Identify Repeating Operations
Identify the loops, recursion, array traversals that repeat.
- Primary operation: None repeating. The switch is a single control structure.
- How many times: Evaluated once per call in constant time.
How Execution Grows With Input
The C# compiler optimizes switch expressions on integers to a jump table (array lookup), which is constant time regardless of the number of cases.
| Input Size (number of cases) | Approx.
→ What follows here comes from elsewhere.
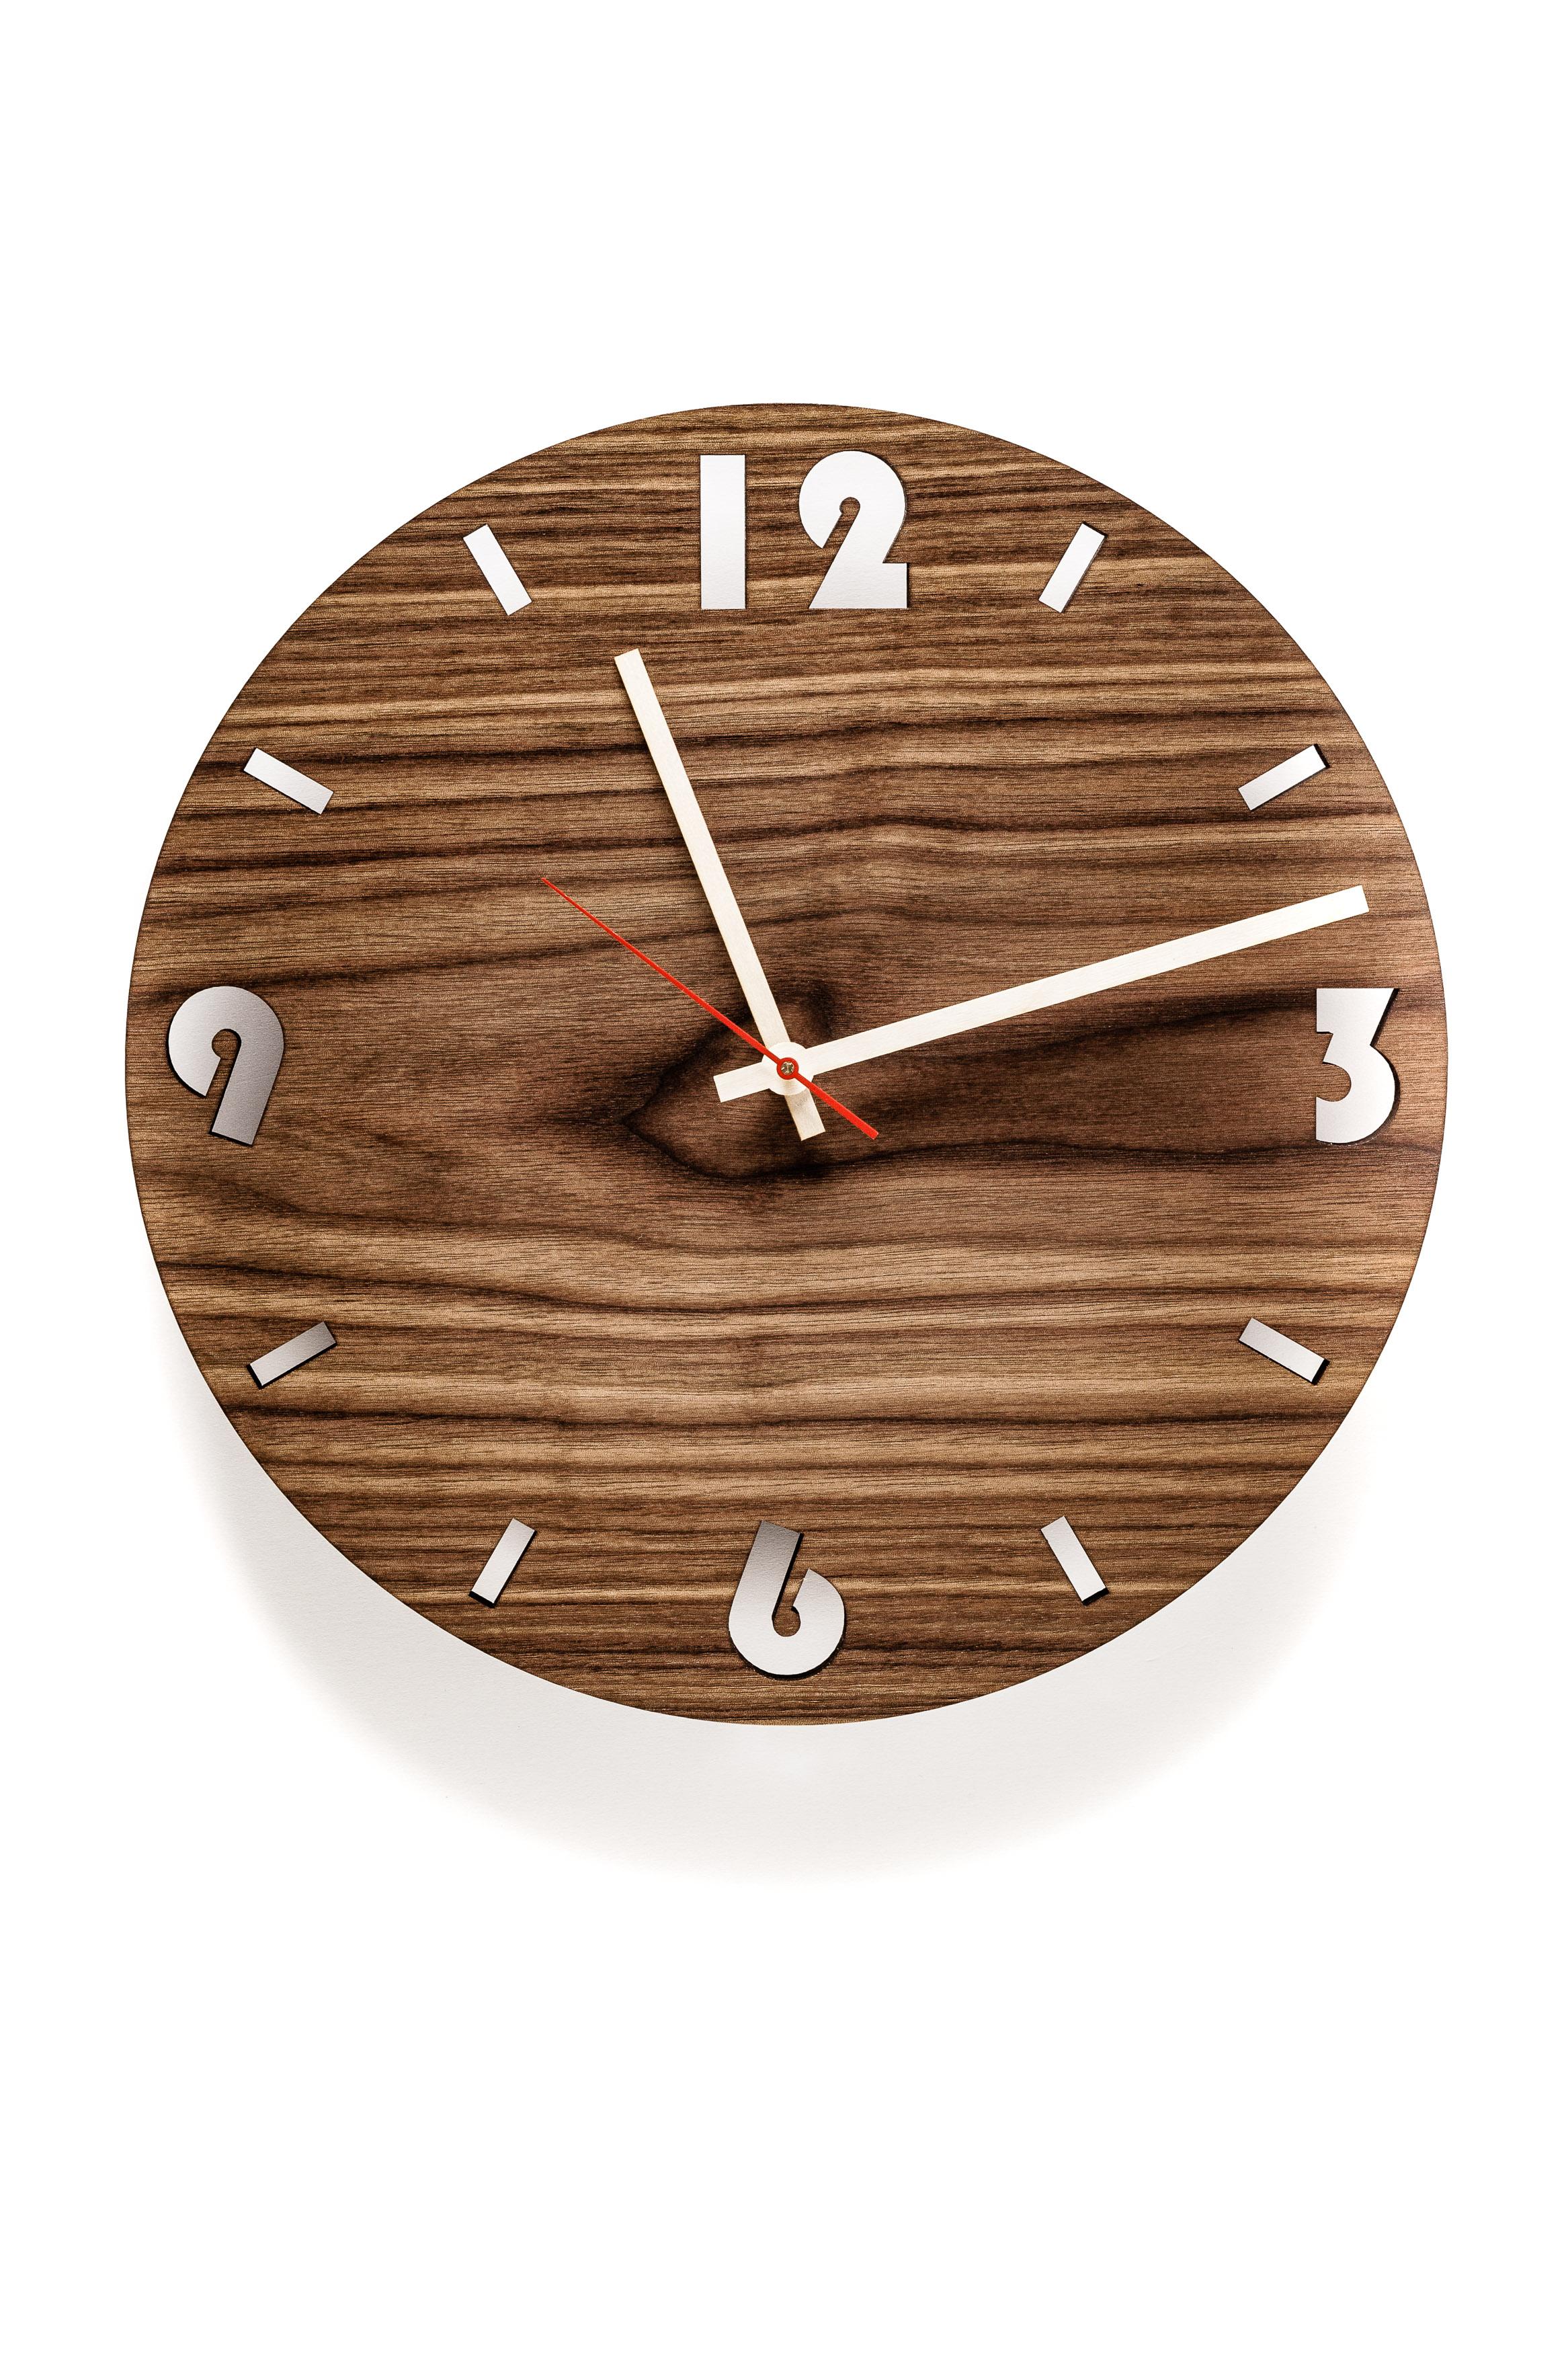 Holzmaserung Hervorheben wanduhren aus echtholz holzdekoladen de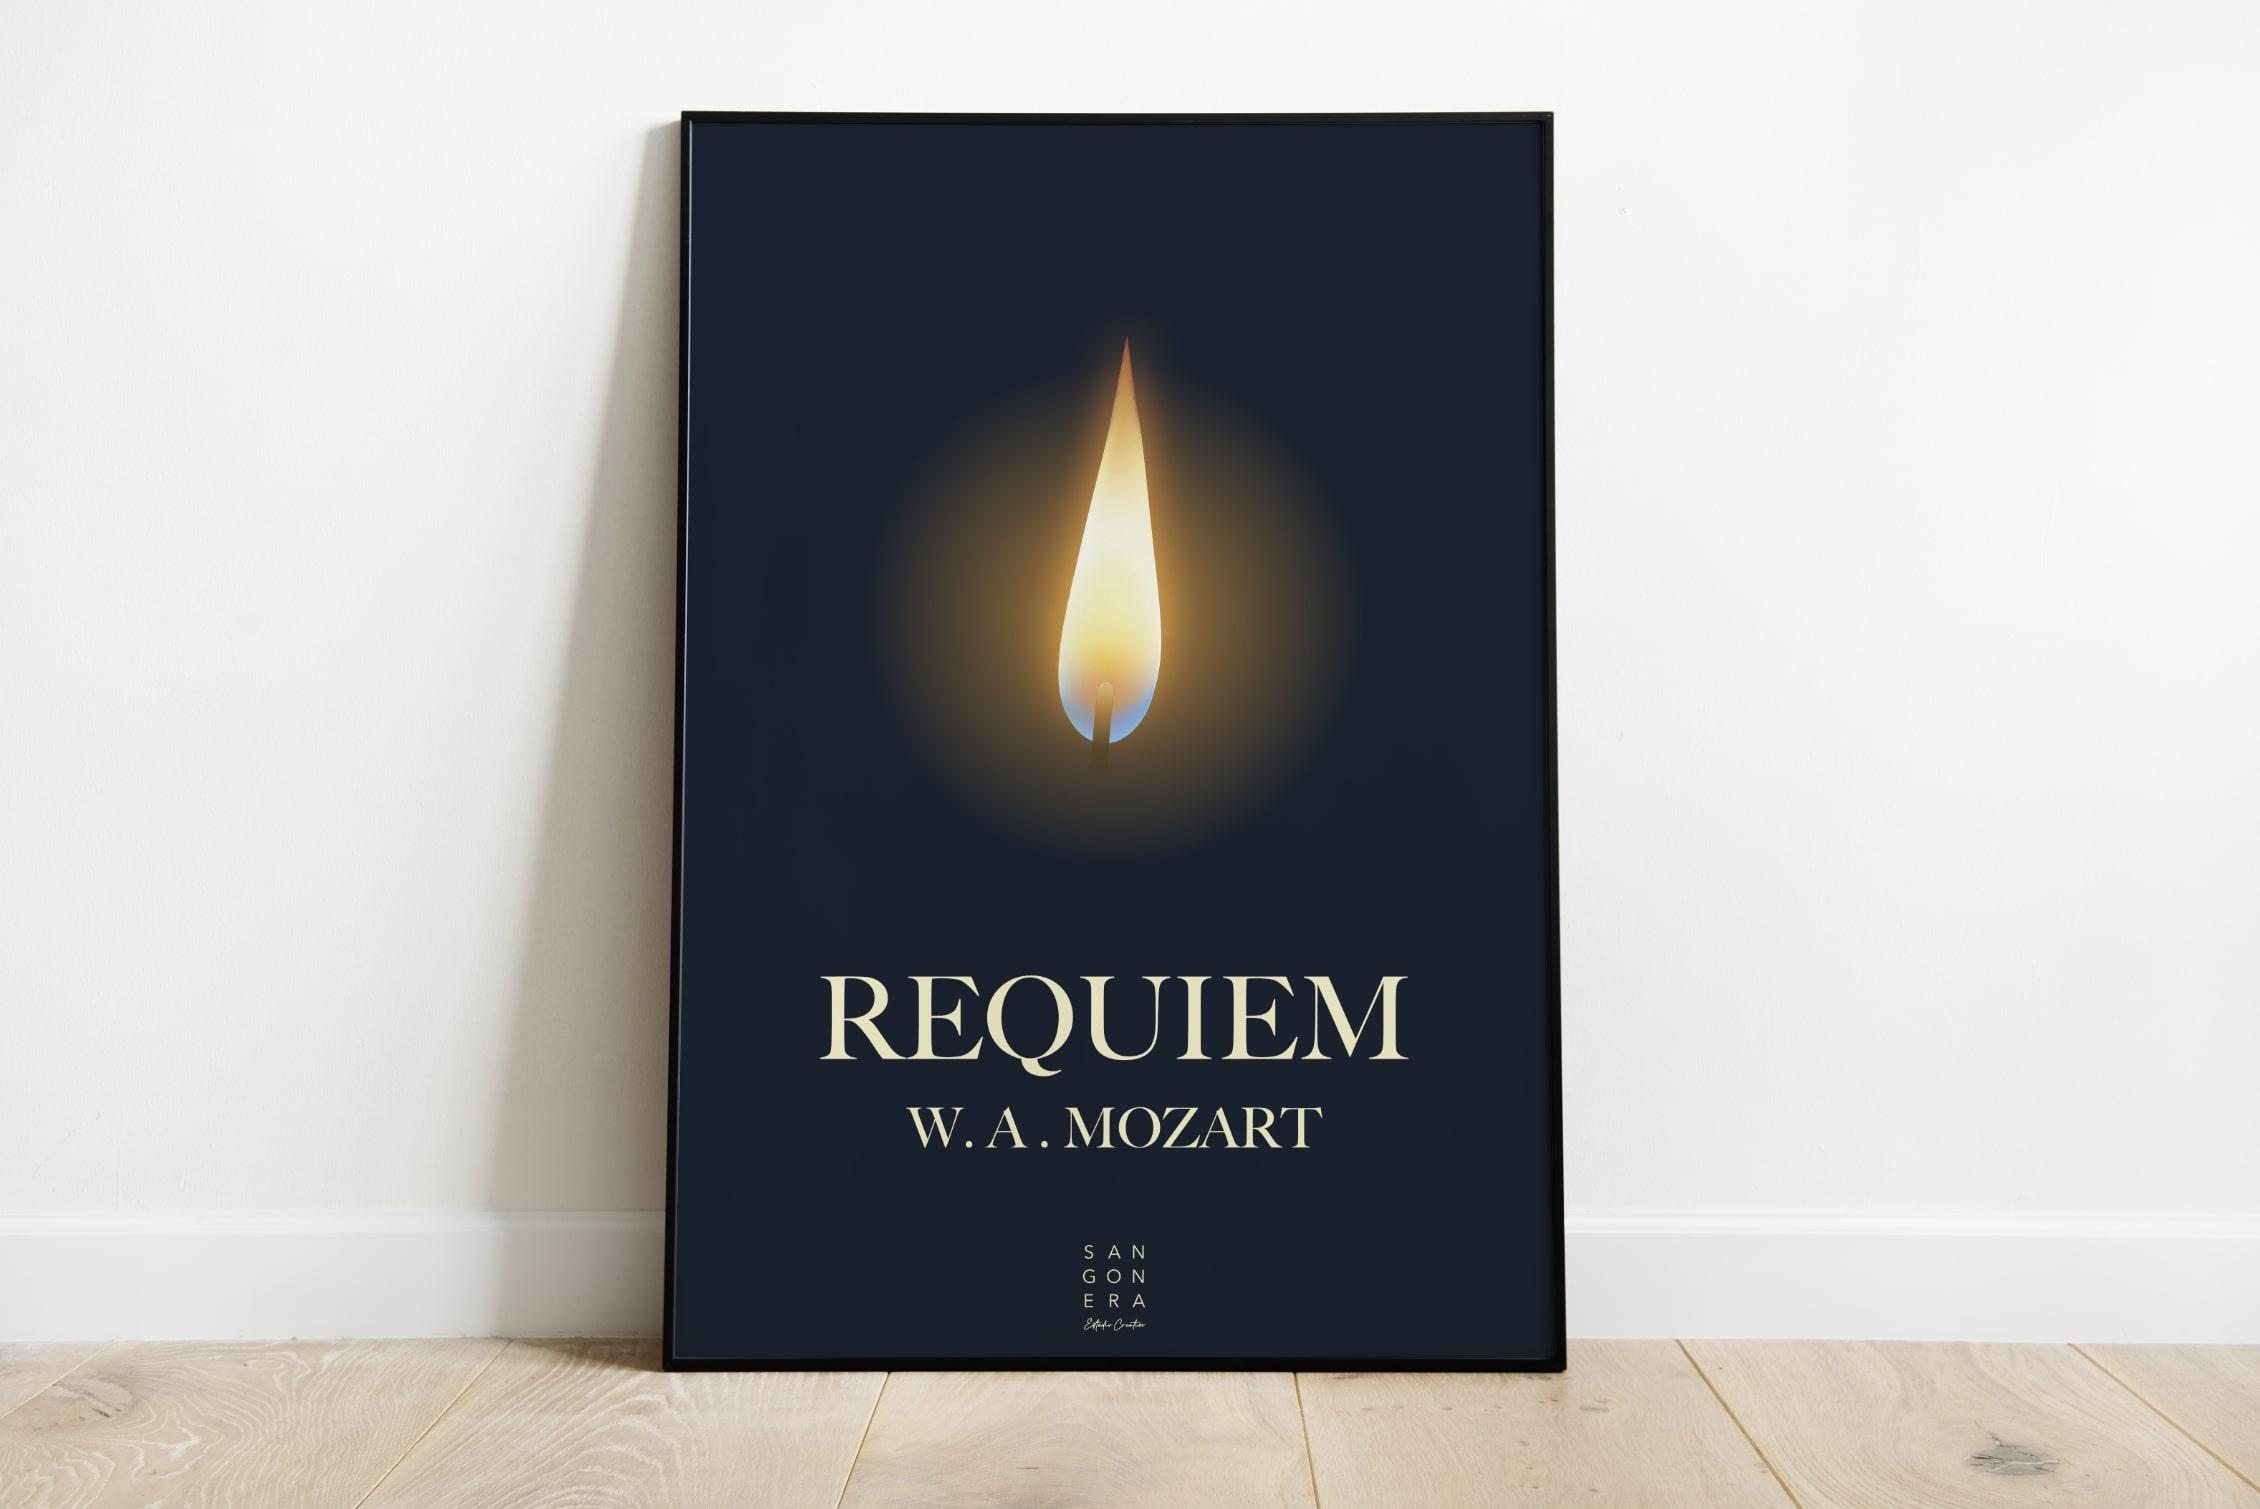 Cartel Requiem W.A. Mozart, Sangonera Design

Operations |
|---|---|
| 5 | 1 lookup |
| 10 | 1 lookup |
| 100 | 1 lookup |
Pattern observation: Constant time O(1), independent of the number of cases.
Final Time Complexity
Time Complexity: O(1)
This means the execution time is constant, even as the number of cases grows, thanks to compiler optimizations like jump tables.
Common Mistake
[X] Wrong: "Switch expressions check cases one by one, so O(n) where n is number of cases."
[OK] Correct: For integral types like int with known values, the compiler generates a jump table for O(1) lookup, not linear scanning.
Interview Connect
Understanding compiler optimizations for switch shows deep knowledge of how high-level code translates to efficient machine instructions.
Self-Check
"What if the switch expression used a dictionary lookup instead? How would the time complexity change?"
(Hint: Dictionary lookup is amortized O(1), similar to switch jump table.)